» WORK ITEM
The full listing, excluding its pictures, should be printed exactly as it stands.

» SOURCE MATERIAL
◇ ◇ ◇ ◇ ◇

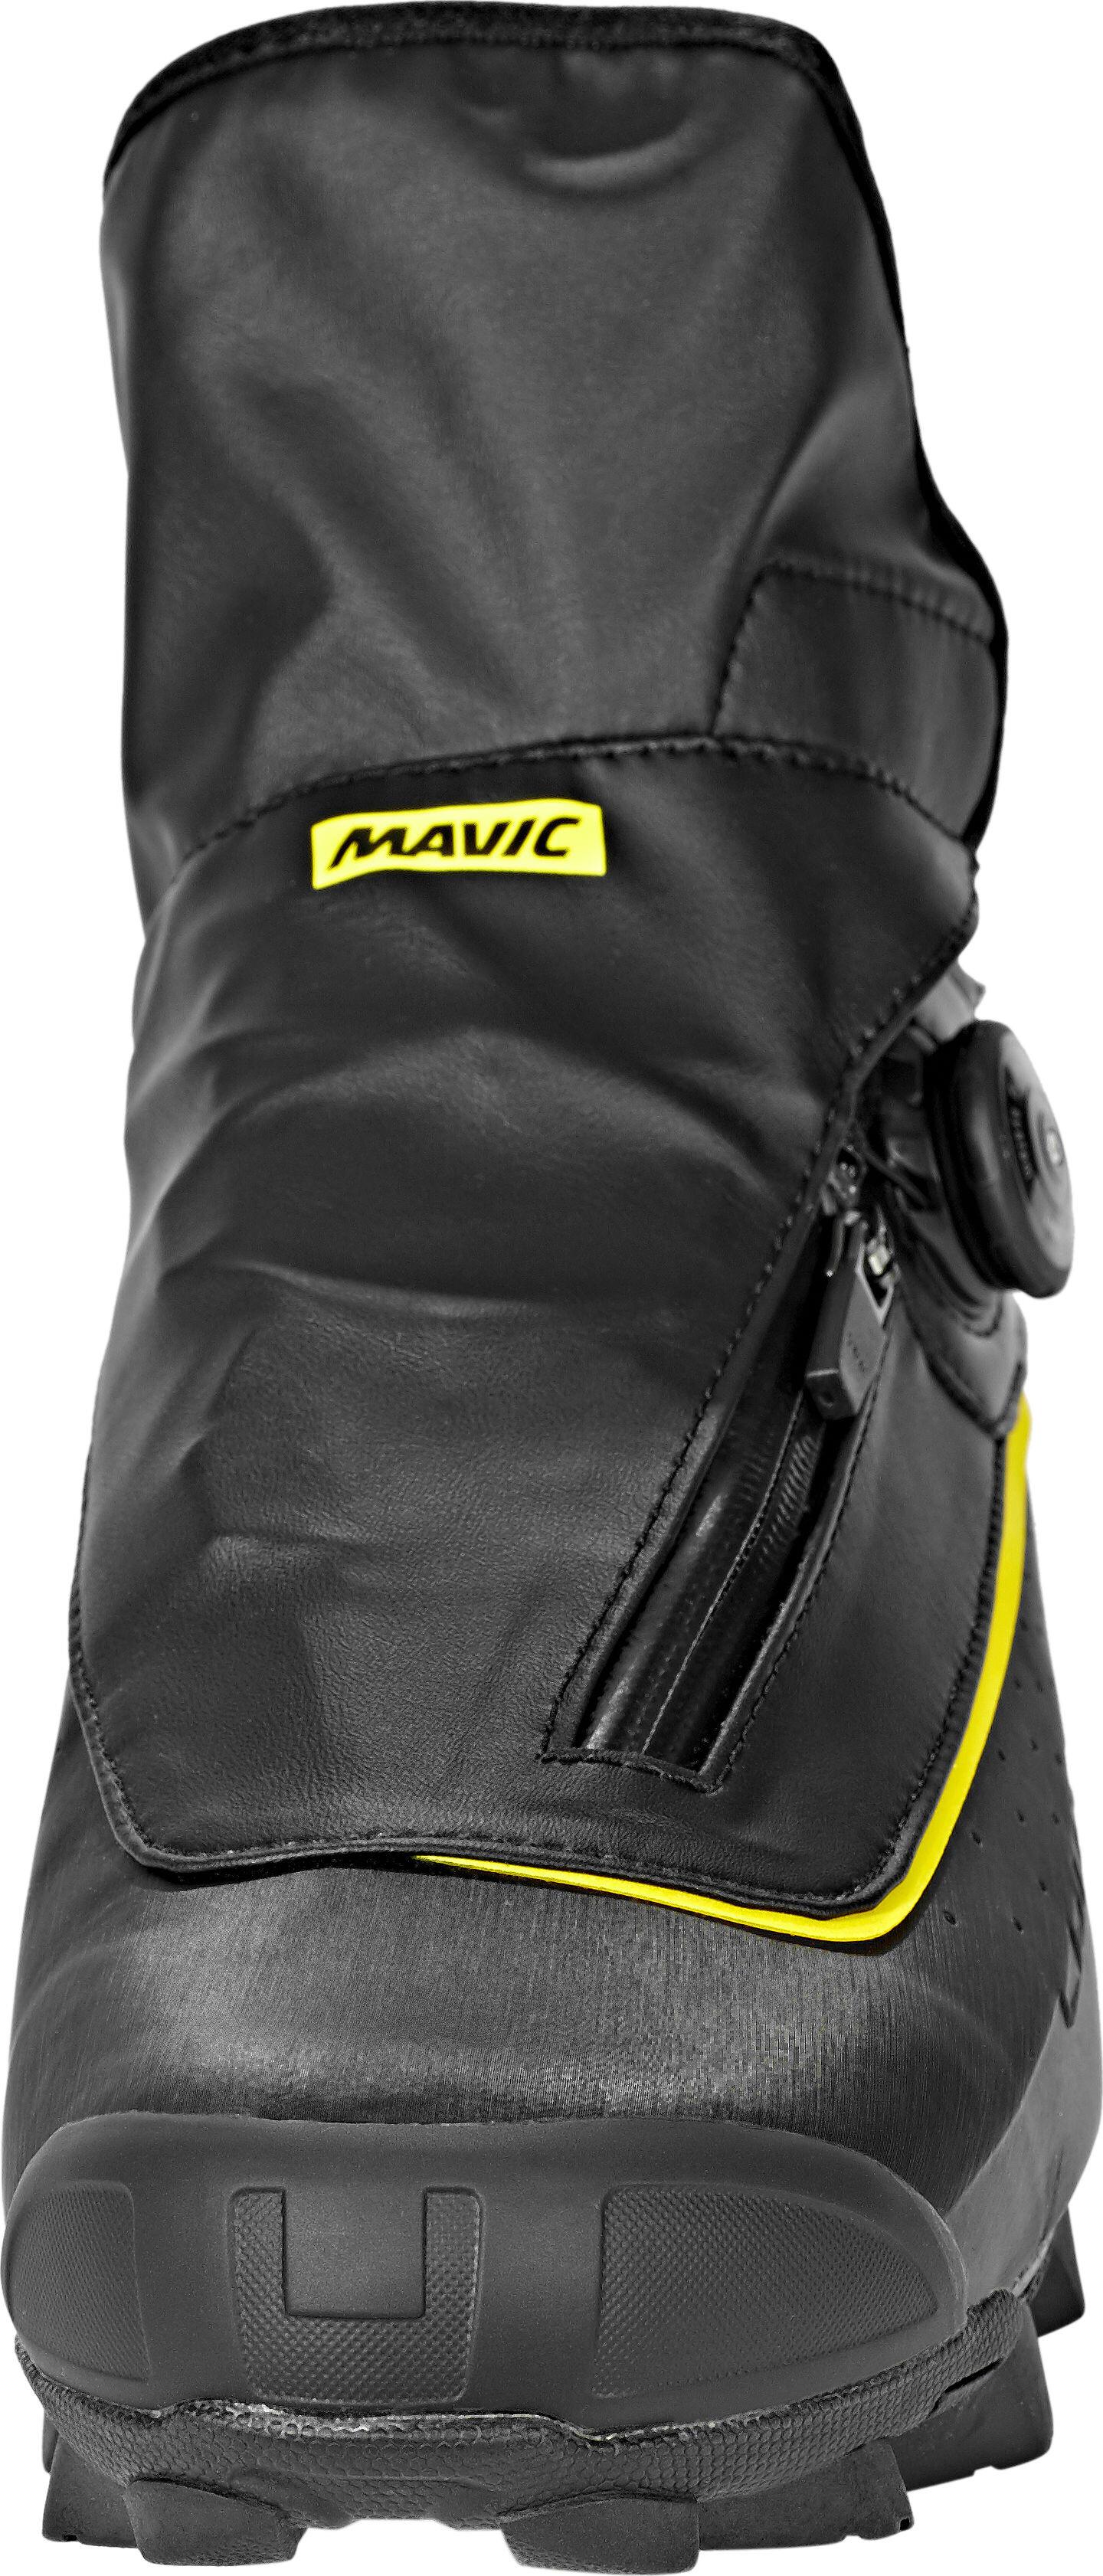 new product 319da 99108 Mavic Crossmax SL Pro Thermo Scarpe Uomo nero
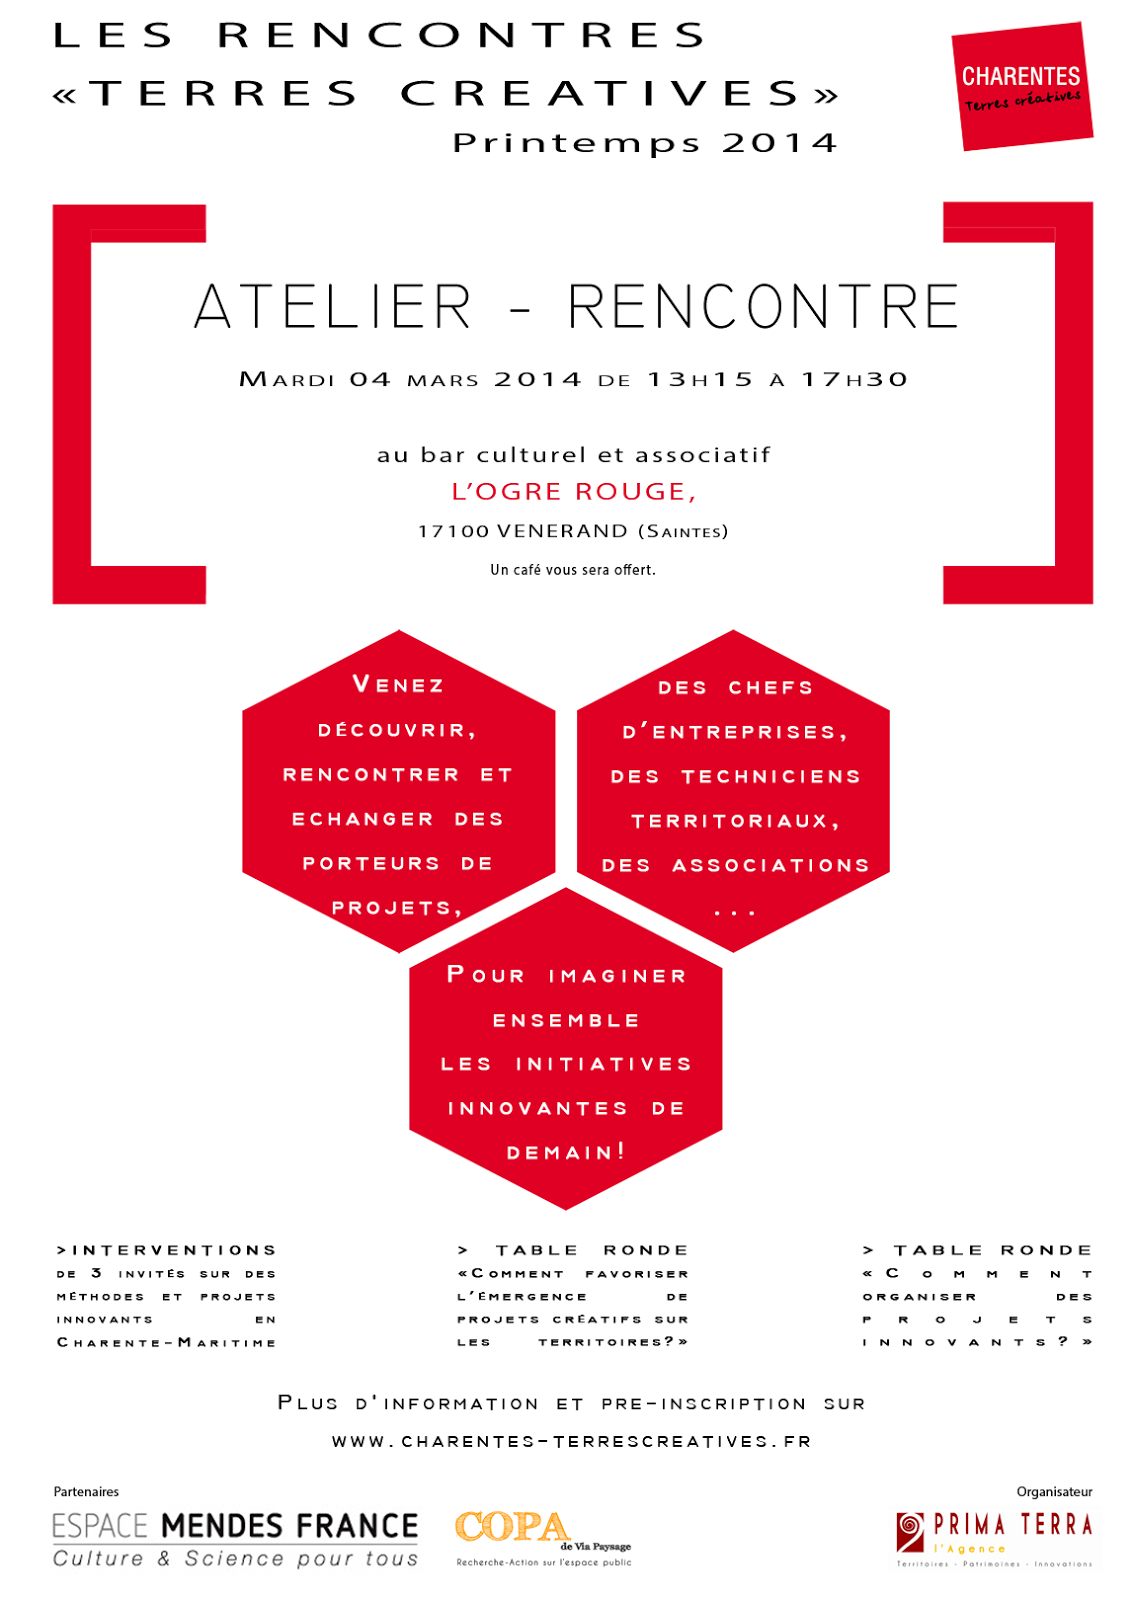 Petites Annonces De La Rubrique Erotique >Rencontres >Femme Cherche Homme
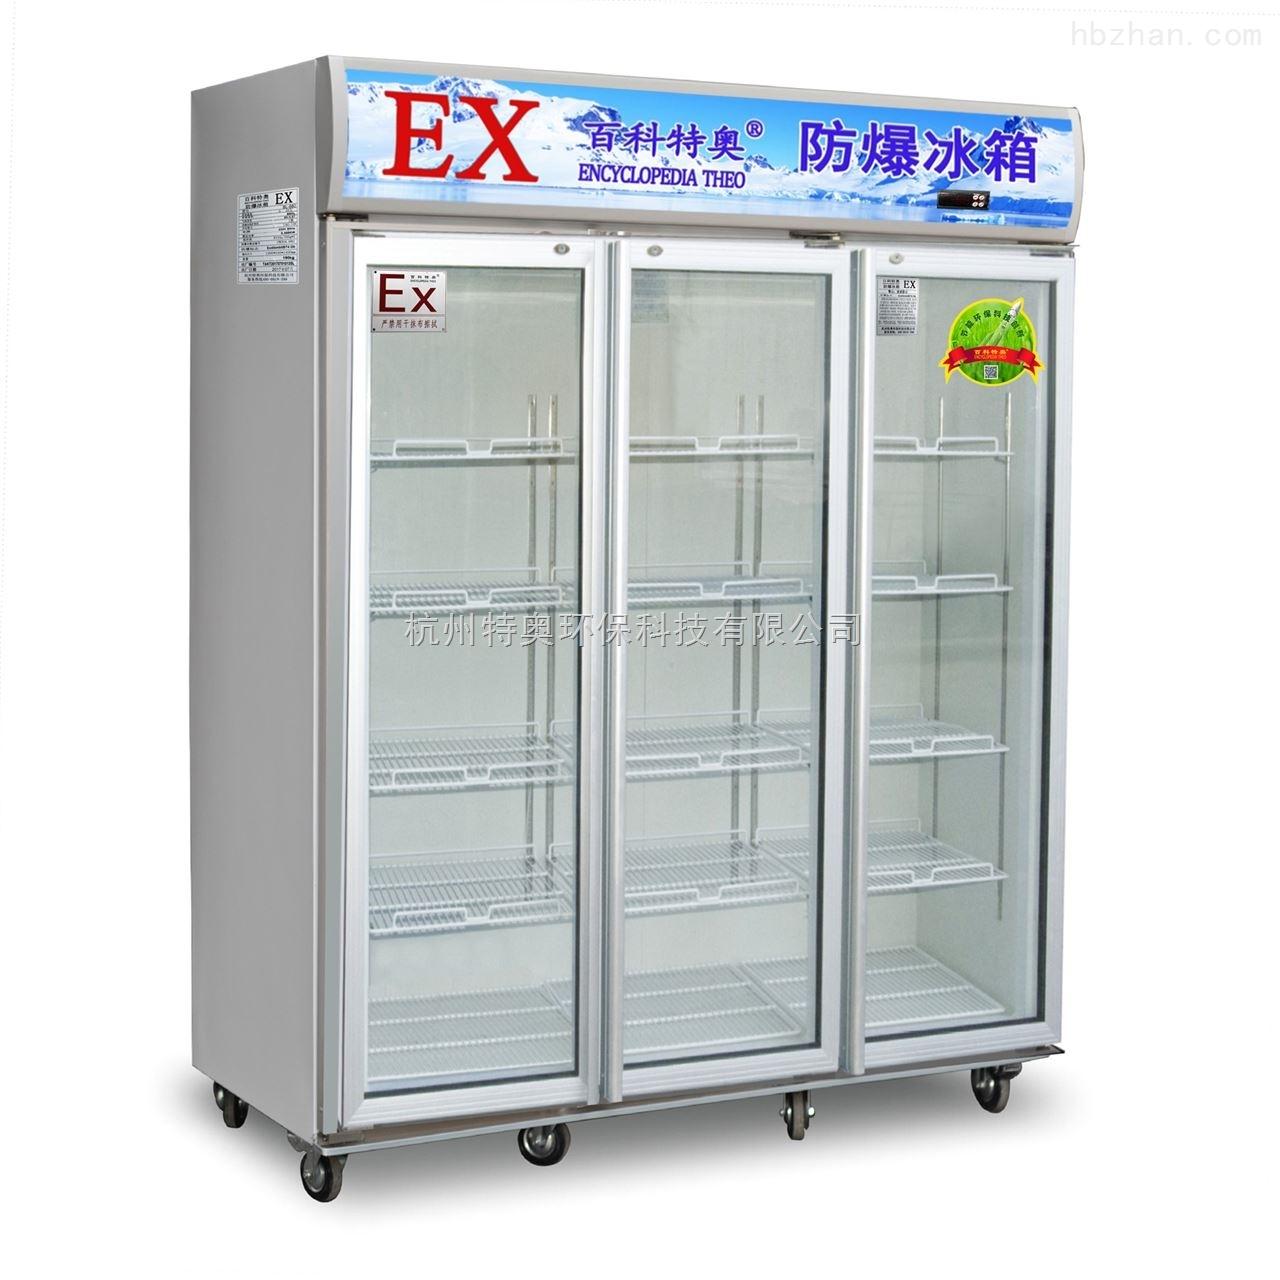 880升无霜风冷防爆冰箱

◇ ◇ ◇ ◇ ◇

» SOLUTION FOR THIS PROBLEM
 new product 319da 99108 Mavic Crossmax SL Pro Thermo Scarpe Uomo nero
 Petites Annonces De La Rubrique Erotique >Rencontres >Femme Cherche Homme
 880升无霜风冷防爆冰箱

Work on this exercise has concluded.